Não voltei a pensar mais no assunto até ao dia em que o encontrei a dormitar no cadeirão,
com um livro aberto no colo. Bati devagar na porta da entrada, para o avisar que tinha
chegado. Acordou logo e sorriu-me. Desta vez, pareceu-me mesmo pequenino. Antigamente, o
cadeirão parecia quase não ter espaço para tanto avô, mas agora, parecia engoli-lo quase
inteiro. Pediu-me que me sentasse ao seu lado e que o ajudasse a acabar de ler aquele poema.

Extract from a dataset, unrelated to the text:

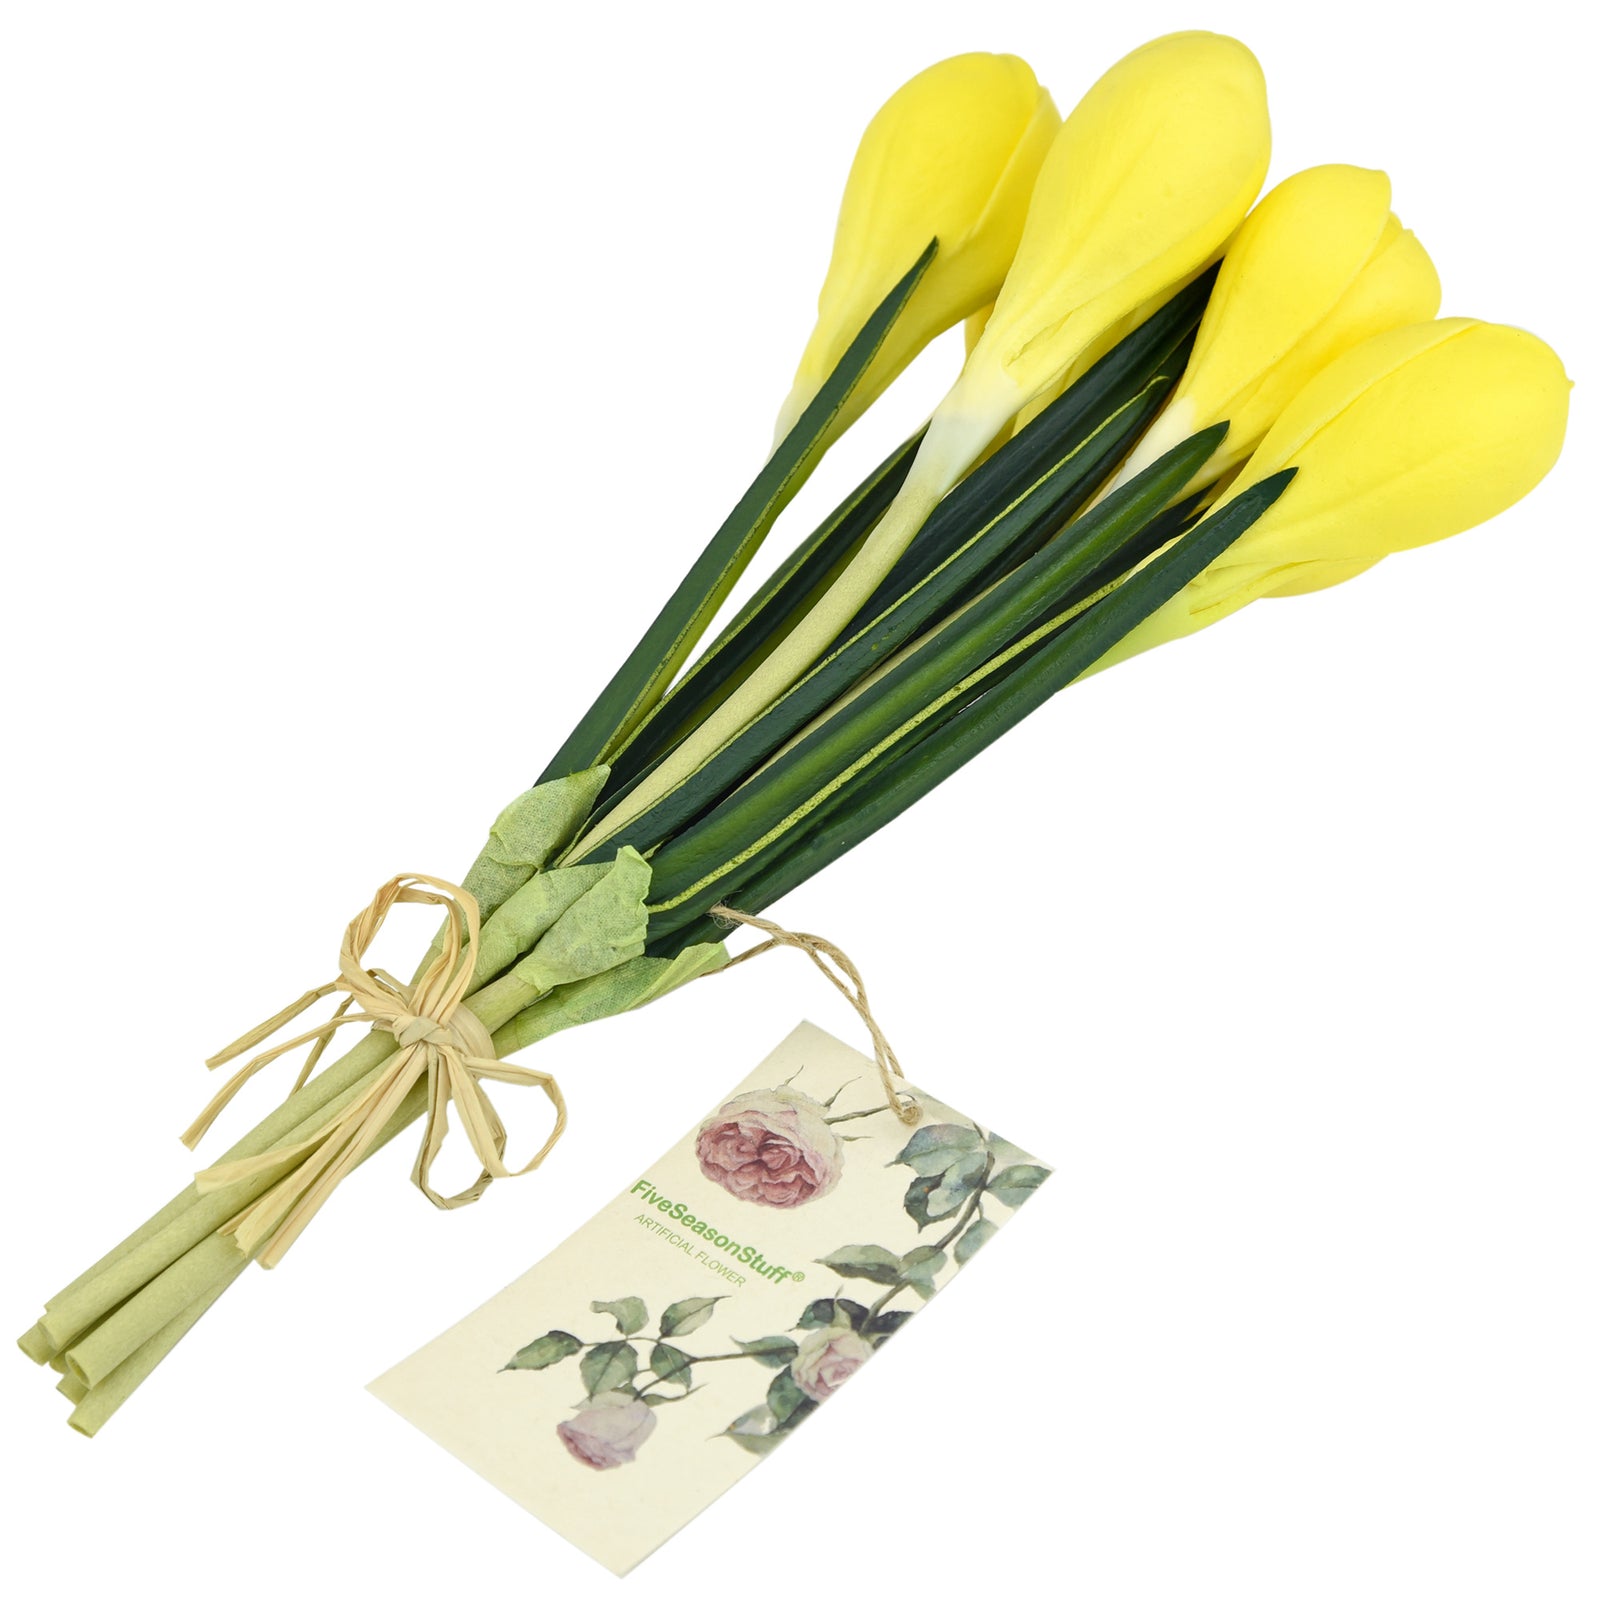 7 Stems (Yellow) Realistic Artificial Saffron Crocus Flowers

Disse-me que já não via bem o suficiente para dar conta das letras mais miudinhas. Naquele
dia, ganhei muitas perguntas novas. Se eu estava a crescer, será que o meu avô estava a
diminuir? Seria possível que o meu avô enorme, pudesse algum dia ficar mais pequenino? Será
que poderia ficar pequenino até desaparecer? E se desaparecesse, quem é que ia responder às
minhas perguntas? Precisava muito de saber todas as respostas, mas naquele dia, guardei as
perguntas todas para mim.

Depois daquele dia, o mundo não parou de girar. As horas viravam-se em anos e eu não parava
de crescer. A mãe queixava-se que a roupa não me servia. Os ténis magoavam-me os dedos
gordos dos pés. Já não brincava só no parque, podia ir com os meus amigos onde quisesse. Até
podíamos ir à vila comer bolos com as moedas de dois euros que o pai dizia que eram raras. Às
vezes, os meus amigos combinavam ir andar de bicicleta no bosque ao sábado de manhã.

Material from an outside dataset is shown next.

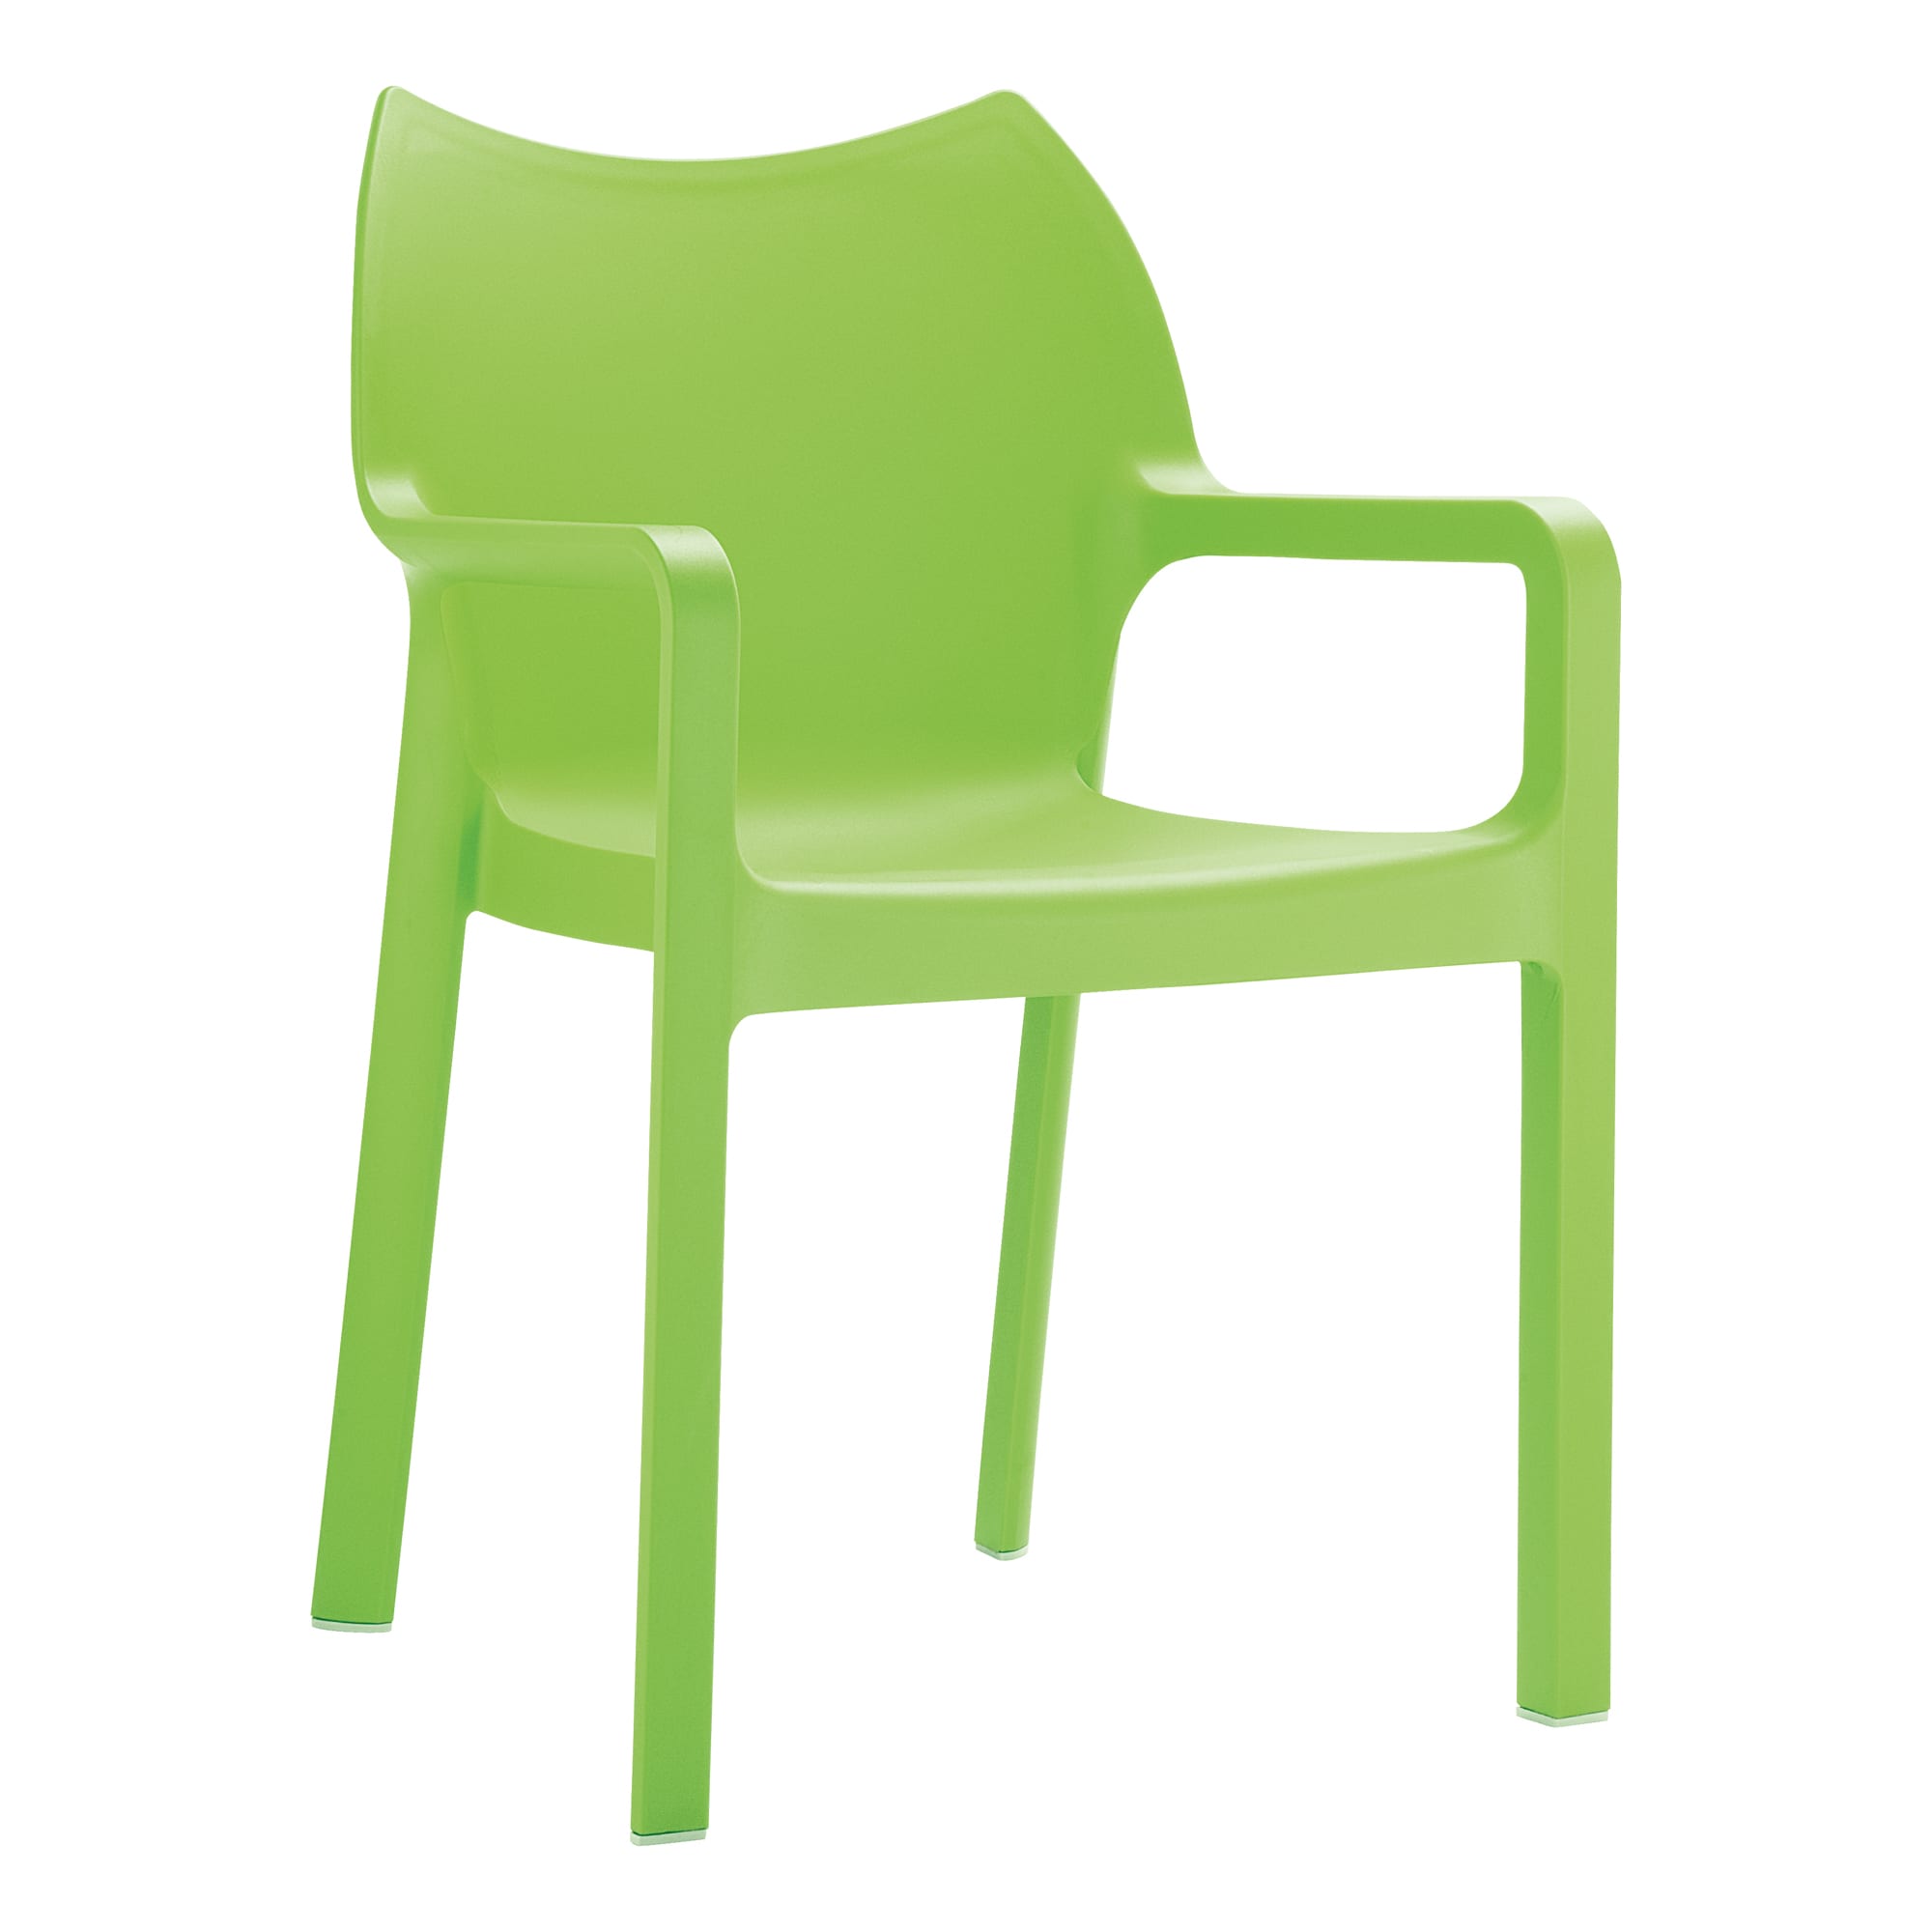 Beak Arm Chair - Tropical Green

Ficava sempre muito dividido, porque queria muito ir com eles, mas também queria muito
ficar com o avô. Só que sempre que eu não ia eles subiam às maiores árvores, as raposas saiam
das tocas e deixavam-se ver e os sapos davam os maiores saltos para o lago. Por isso, eu não
resistia. Quando lhe perguntei, o meu avô disse-me que não se importava porque agora era a
minha vez de conhecer o mundo.
Houve um sábado, em que disse aos meus pais que ia ao bosque, mas decidi fazer uma
surpresa ao meu avô. Saí de casa e fui até ao pomar. Havia muitas laranjas caídas no chão e eu
achei muito estranho, o meu avô nunca desperdiçava uma laranja que fosse. Entrei em casa,
mas não o encontrei. Dei a volta ao jardim até ao campo de trigo. Muito lá ao fundo,
pequenino como uma miragem, lá estava ele. Chamei-o três vezes, mas ele não ouviu
nenhuma. Corri na sua direção e quando cheguei ao pé dele, aninhei a minha mão direita na
sua mão esquerda. Senti que a minha mão já não cabia tão bem na dele. Foi neste momento
que lhe perguntei porque é que sempre me tinha parecido tão grande e agora me parecia tão
pequeno. No meio da seara de trigo, o meu avô, sem nunca deixar de olhar em frente, contou-
me que começamos a vida rodeados de estímulos. Queremos conhecer tudo: todas as cores,
todas as flores e animais, todos os objetos, todas as pessoas, todas as histórias. Devagarinho,
começamos a conhecer o mundo pelas palavras e, por isso, temos muitas perguntas. À medida
que vamos crescendo, vamos encontrando as respostas que procurávamos. Vamos guardando
todas dentro de nós. Quando começamos a envelhecer, percebemos que afinal não sabemos
tudo, mas o que sabemos, queremos partilhar com quem não sabe ainda nada. É só a quem
não sabe nada que ainda parecemos muito grandes e com muita grandes, e que têm as
respostas todas quando os netos são só perguntas. Quando os netos começam a apanhá-los
em tamanho e sabedoria, estão prontos para começar a minguar. Disse-me que todos os avós
são minguantes, porque todos os netos são crescentes, e é nesse cruzamento que se
encontram tão bem. Apertei-lhe a mão com força e quis ficar ali para sempre. Queria que o
meu avô fosse aquele avô para sempre, mas lembrei-me que já um dia tinha desejado o
mesmo e que a mão que me segurava agora era já uma mão diferente da mão que um dia me
segurou. Apertei-lhe a mão ainda com mais força e quis fazê-lo prometer que não ficaria mais
pequenino, que não desapareceria. Lá de cima, olhou para mim, ainda cá em baixo e disse-me
que não podia prometer-me uma coisa dessas, mas que me podia contar um segredo: “O
tempo vai continuar a passar. Tu vais continuar a crescer e eu vou continuar a minguar. Um dia
vou ser muito pequenino, vou deixar de ser um livro inteiro e passarei a ser apenas um poema,
ou talvez várias palavras. Mas para ti, serei apenas uma. Daqui a muitos anos, essa palavra
pode ganhar significados diferentes, mas eu serei essa palavra primeiro e para sempre. E, por
isso, é certo que nunca vou desaparecer”.